EDIT: In your answer, please consider the following scenario:
The code is running on a CPU in an embedded system.
A single application is running on the CPU.
The application has far fewer threads than the CPU has processor cores.
Each core has a massive number of registers.
The application is small enough that whole program optimization is successfully used when building its executable.
How do we make sure that a store in one thread does not remain invisible to other threads indefinitely?

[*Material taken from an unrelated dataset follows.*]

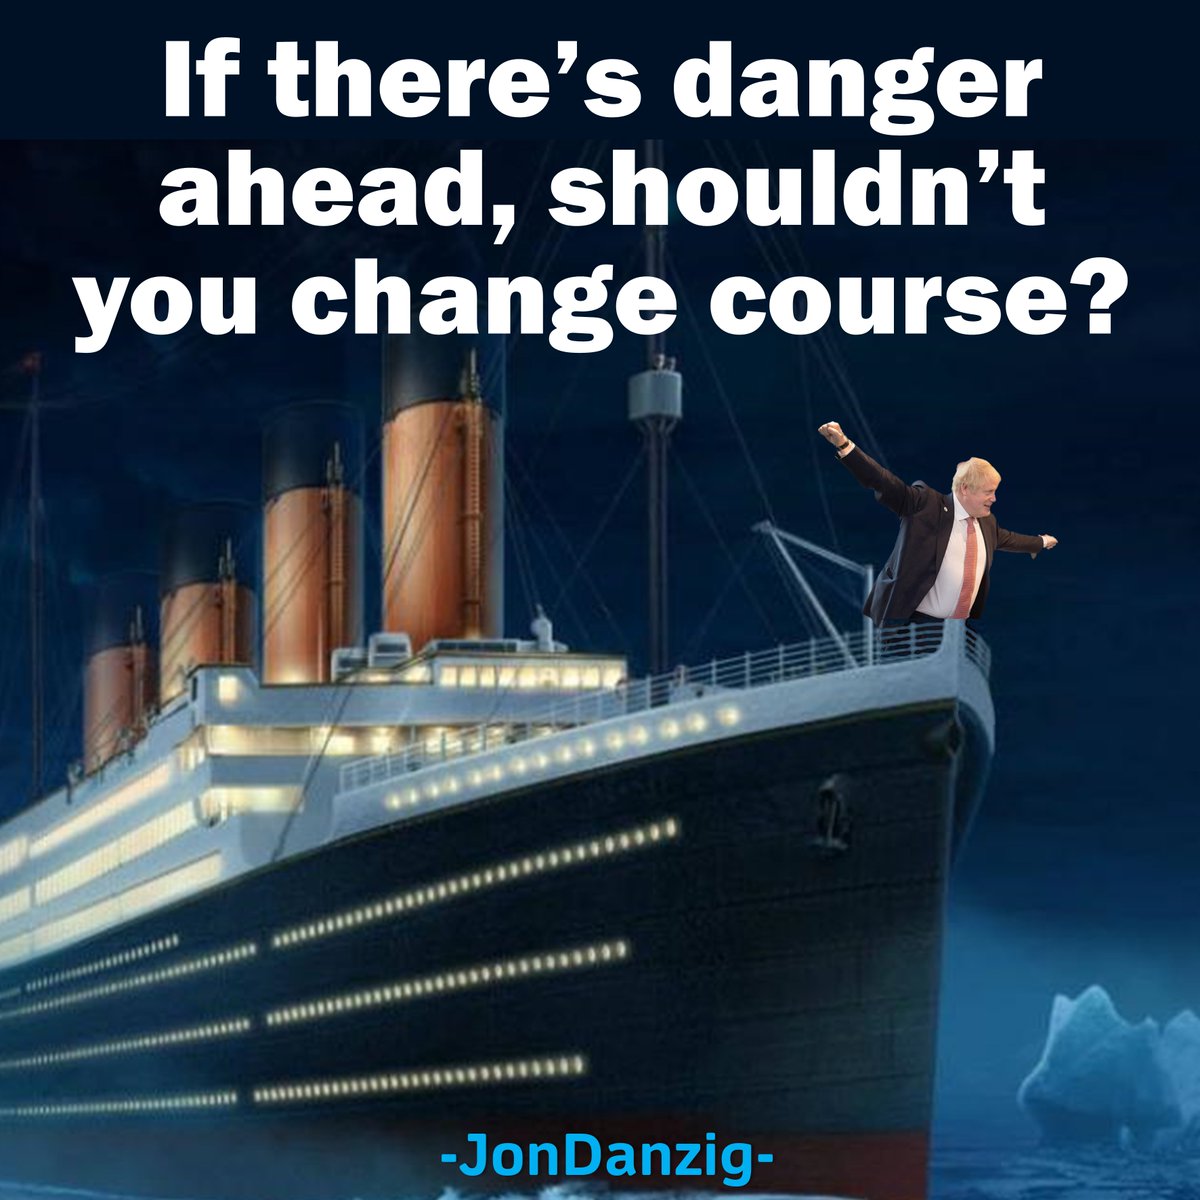 If the #Titanic captain knew there was an iceberg ahead, don’t you think he’d change course? @BorisJohnson knows full well there are perilous hazards ahead. But instead of changing course, he's steering us right into them. My report at: bit.ly/3777UBO #Brexit #Covid19

If you would like to update the value of device_reg_copy in atomic fashion, then device_reg_copy.store(*Device_reg_ptr, std::memory_order_relaxed); suffices.
There is no need to apply volatile to atomic variables, it is unnecessary.
std::memory_order_relaxed store is supposed to incur the least amount of synchronization overhead. On x86 it is just a plain mov instruction.
However, if you would like to update it in such a way, that the effects of any preceding stores become visible to other threads along with the new value of device_reg_copy, then use std::memory_order_release store, i.e. device_reg_copy.store(*Device_reg_ptr, std::memory_order_release);. The readers need to load device_reg_copy as std::memory_order_acquire in this case. Again, on x86 std::memory_order_release store is a plain mov.
Whereas if you use the most expensive std::memory_order_seq_cst store, it does insert the memory barrier for you on x86.
This is why they say that x86 memory model is a bit too strong for C++11: plain mov instruction is std::memory_order_release on stores and std::memory_order_acquire on loads. There is no relaxed store or load on x86.
I cannot recommend enough CPU Cache Flushing Fallacy article.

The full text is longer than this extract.